TORT LAW
1. The Law Commission wishes to reform English and Welsh tort law to make it more coherent. It has therefore decided to produce a series of proposals aimed at reforming discrete parts of the law of tort. You have been asked to propose a reform of your own. Write
a memo proposing and defending one reform to any area of tort doctrine that you have studied on module LU2022. Your memo must include the following:
– A summary of the doctrine (both common law and statutory, as appropriate) in your chosen area as it currently stands, including an analysis of the deficiencies in that doctrine that you think require reform;
– A detailed proposal for one specific reform you think should be made, including a statement of the aims your reform is designed to achieve (how widely or narrowly your proposed reform is designed is up to you);
– A defense of your proposal explaining why it is necessary and how it will contribute to greater coherence in tort doctrine in this jurisdiction.
Your memo may also include any other matter related to your proposal that you feel is relevant.

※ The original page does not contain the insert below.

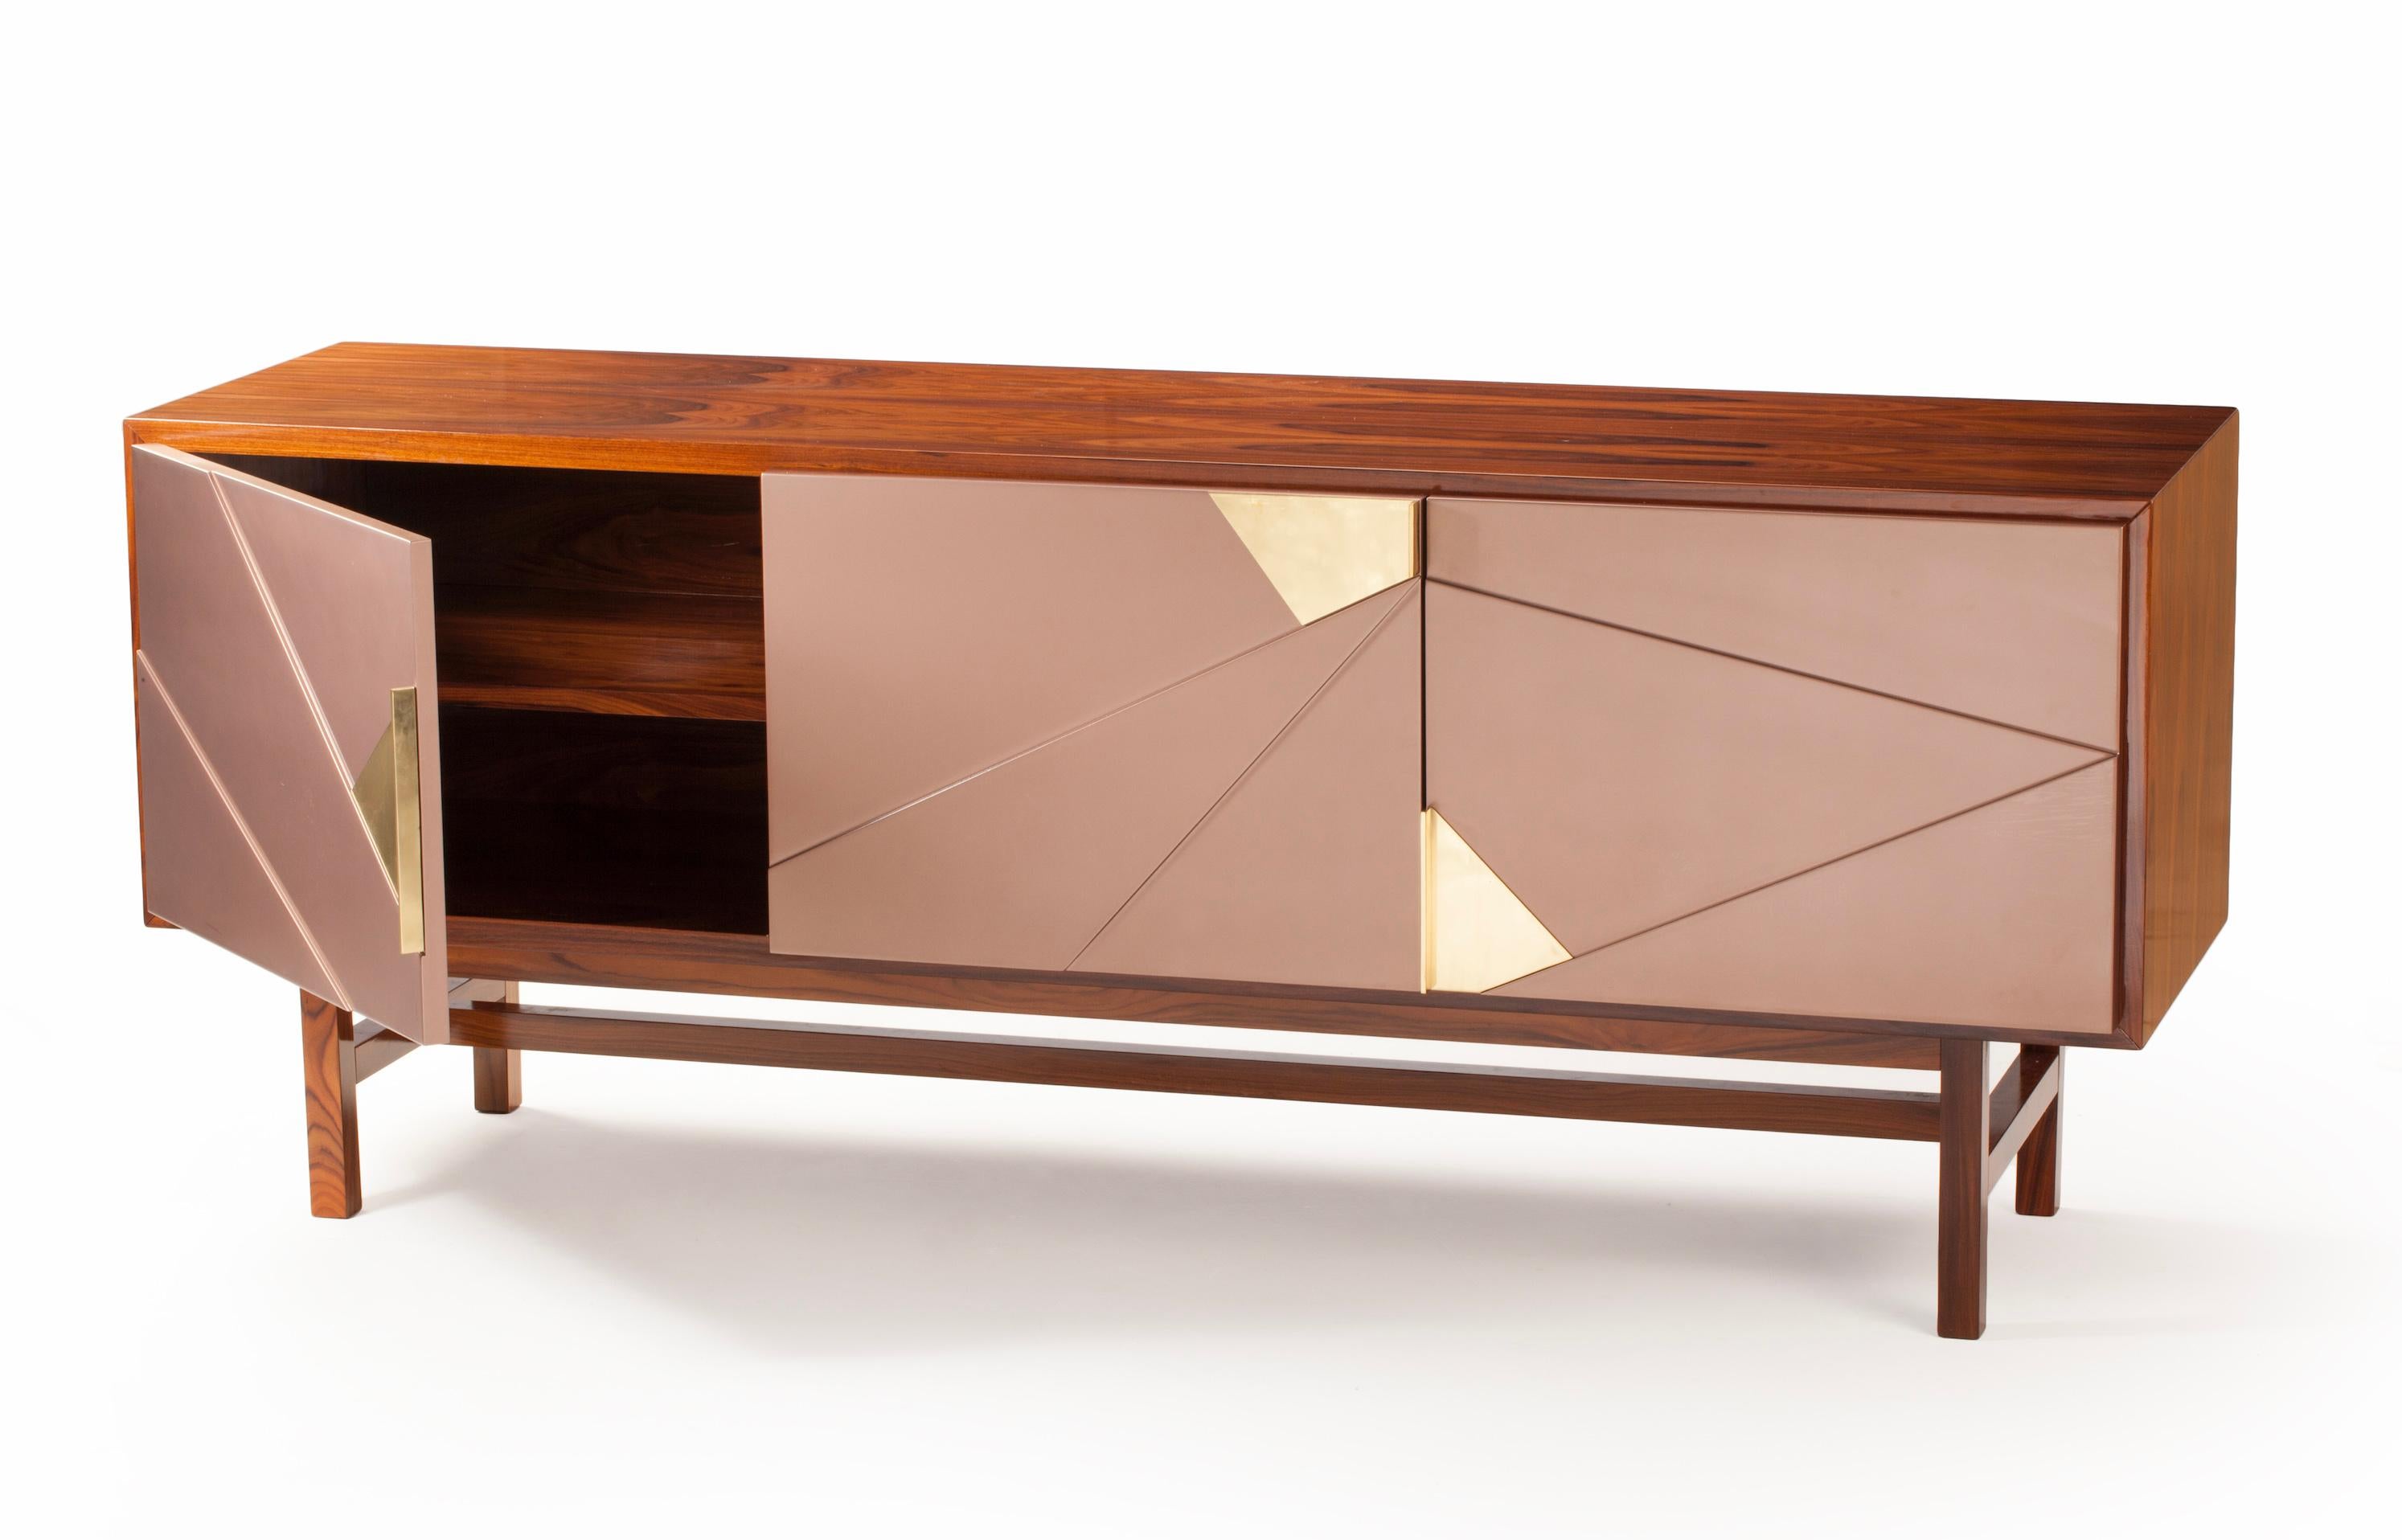 Jazz sideboard is a high quality product by Mambo Unlimited Ideas, crafted in polished or matte iron wood venner structure and feet, brass applications and lacquered doors. It features three dimensional designs on its doors, elegant oxidized brass
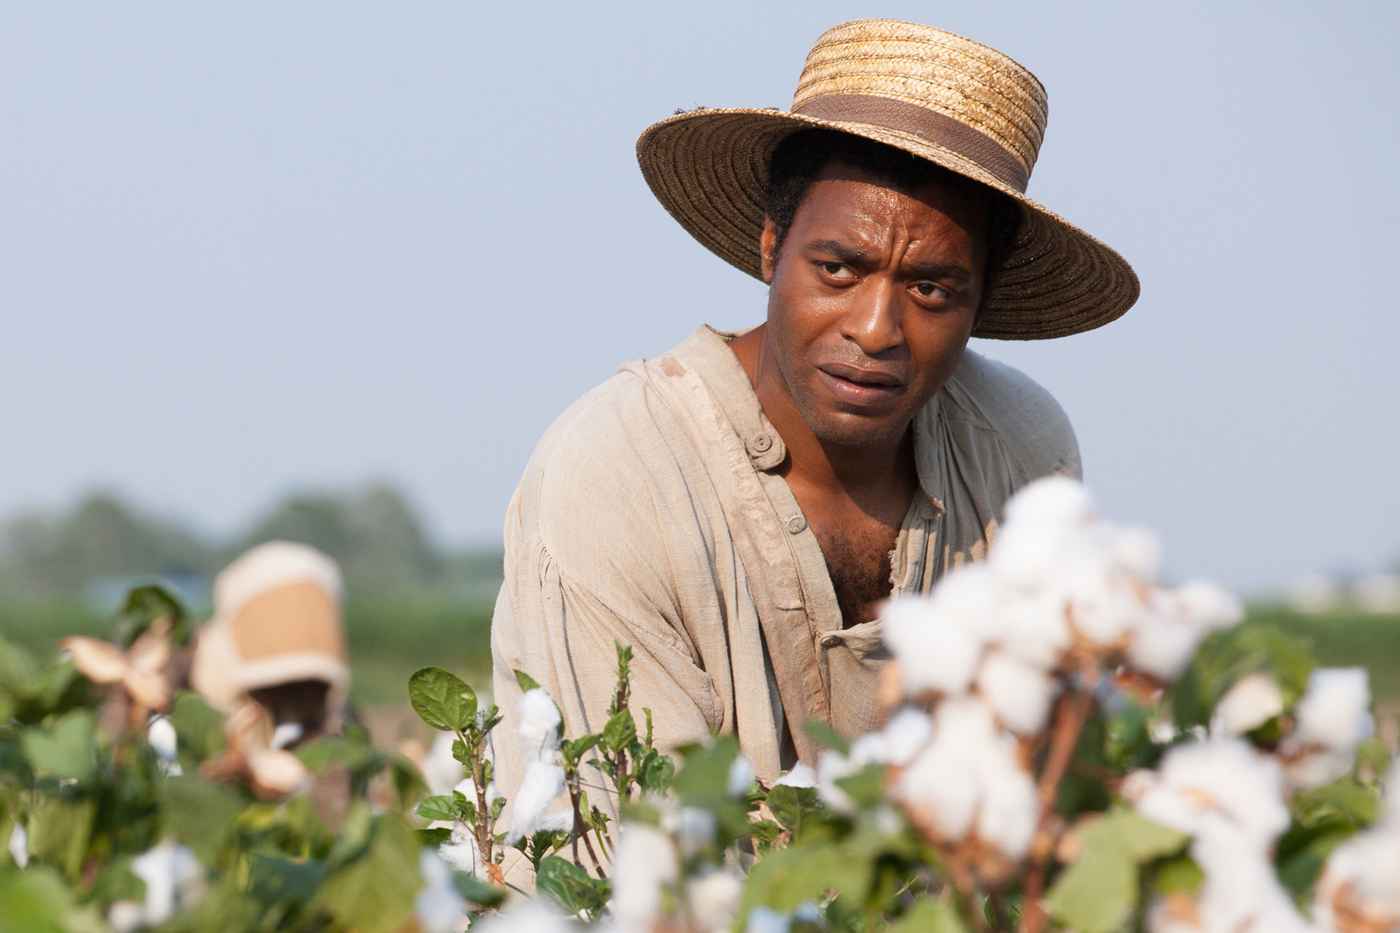 12 Years A Slave (2013)

2. ‘In the end, all tort cases can and should be governed by the basic principle that the ends justify the means.’ Discuss.
3. ‘Different torts aim to do fundamentally different things. Some torts are informed by a commitment to corrective justice. In other torts, the pursuit of distributive justice dominates judicial thinking. This results in tort law, as a body of doctrine, being incorrigibly incoherent.’
Discuss.
4. ‘[T]he courts will not invent a new cause of action to cover types of activity which were not previously covered[.]’ Campbell v Mirror Group Newspapers Ltd [2004] UKHL 22, [2004] 2
AC 457, [133] (Baroness Hale) To what extent does this statement reflect a desirable attitude to the development by judges of tort doctrine?